Пограничников восхитил его рассказ, по ним это было заметно. А увидев свои мрачные лица, нарисованные углем на бумаге, они и вовсе заулыбались. Всю их суровость как ветром сдуло – на это он и рассчитывал. Обычно все так и получалось. Если твой портрет рисуют – значит, на тебя обратили внимание, в лучшем случае легкой лести достаточно, чтобы самые суровые подобрели.
– Ладно, можешь проезжать, – сказал один из пакистанских пограничников.
– Разве так можно? – спросил другой на урду[40], который Пикей понимал довольно хорошо.
– Почему нет? Парень мирный.
Они подозвали Пикея к себе, и человек, похожий на начальника, вежливо сказал:
– Пожалуйста, сэр, можете ехать дальше.
Полицейские подняли шлагбаум, и Пикей въехал в Пакистан.

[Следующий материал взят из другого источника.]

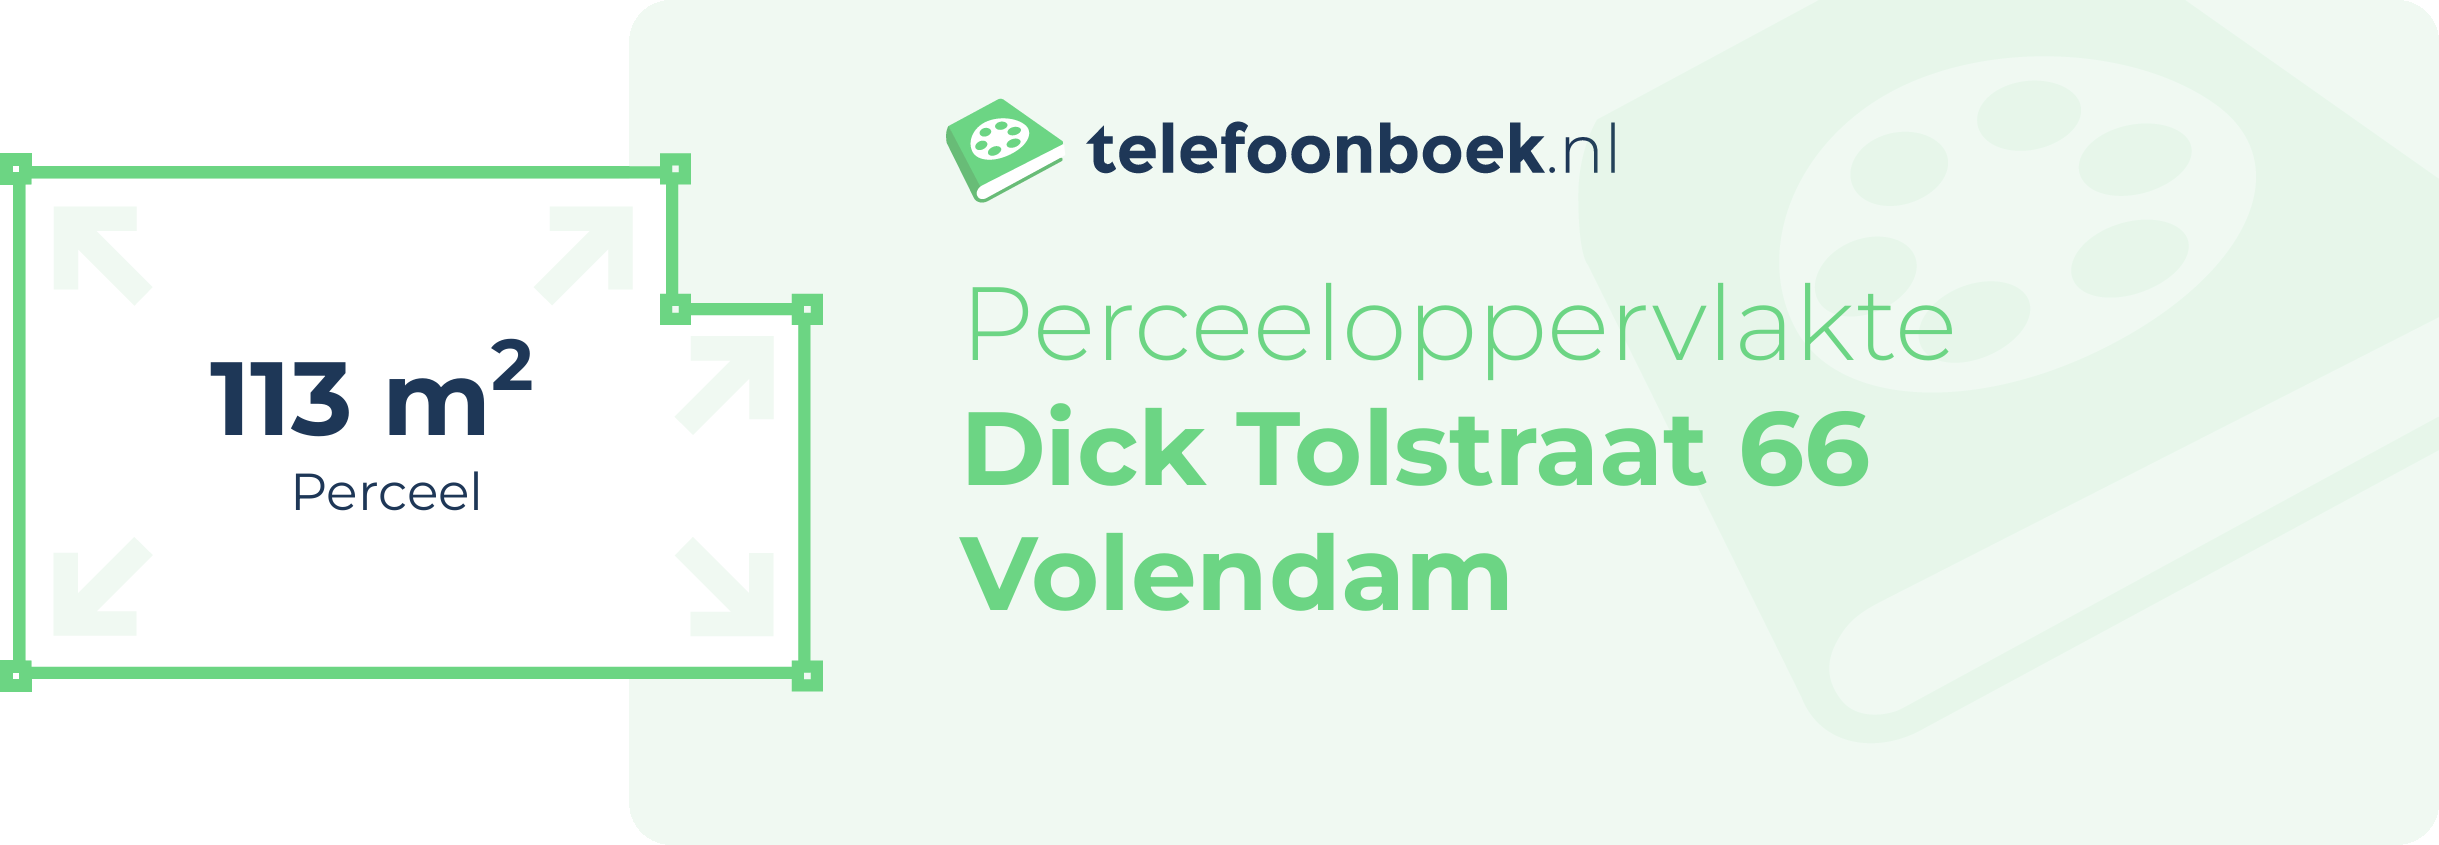 Perceeloppervlakte Dick Tolstraat 66 Volendam

Через полчаса он прислонил свой велосипед к полусгнившему деревянному сараю, перед которым стояло несколько плетеных скамеек и низких столиков. Лысый мужчина с мрачным лицом сидел за прилавком, на котором лежали окруженные тучей мух и ос сладости.
Он заказал огромную порцию бириани[41] с курицей и жадно проглотил ее, усевшись на плетеную скамейку.
Громко рыгнув, тщательно вымыв руки и наполнив походную фляжку, Пикей вновь забрался на велосипед, чтобы двинуться дальше. И тут к нему подъехал полицейский джип.
– Паспорт, паспорт! – закричал полицейский, выпрыгнувший из машины еще до того, как она остановилась.
Пикей вытащил свой зеленый индийский паспорт. На нем блестел золотом лев царя Ашоки и было написано алфавитом деванагари «Бхарат Ганараджа», а ниже, латинскими буквами: «Республика Индия». Они долго листали его, вертели в руках, а потом вернули ему и покачали головами.
Полицейские указали на его велосипед и на свой джип. Пикей понял, что они имеют в виду. Забросив велосипед в багажник, они велели ему сесть на заднее сиденье и отвезли его обратно к границе. В Индии пришлось проехать еще 35 километров, чтобы вернуться в Амритсар.
«Если и существует предначертанная нам судьбой дорога, ведущая в будущее, то западни на ней расставлены весьма изобретательно», – думает Пикей. Как будто высшие силы решили, что в рай можно попасть только через все семь земных страданий.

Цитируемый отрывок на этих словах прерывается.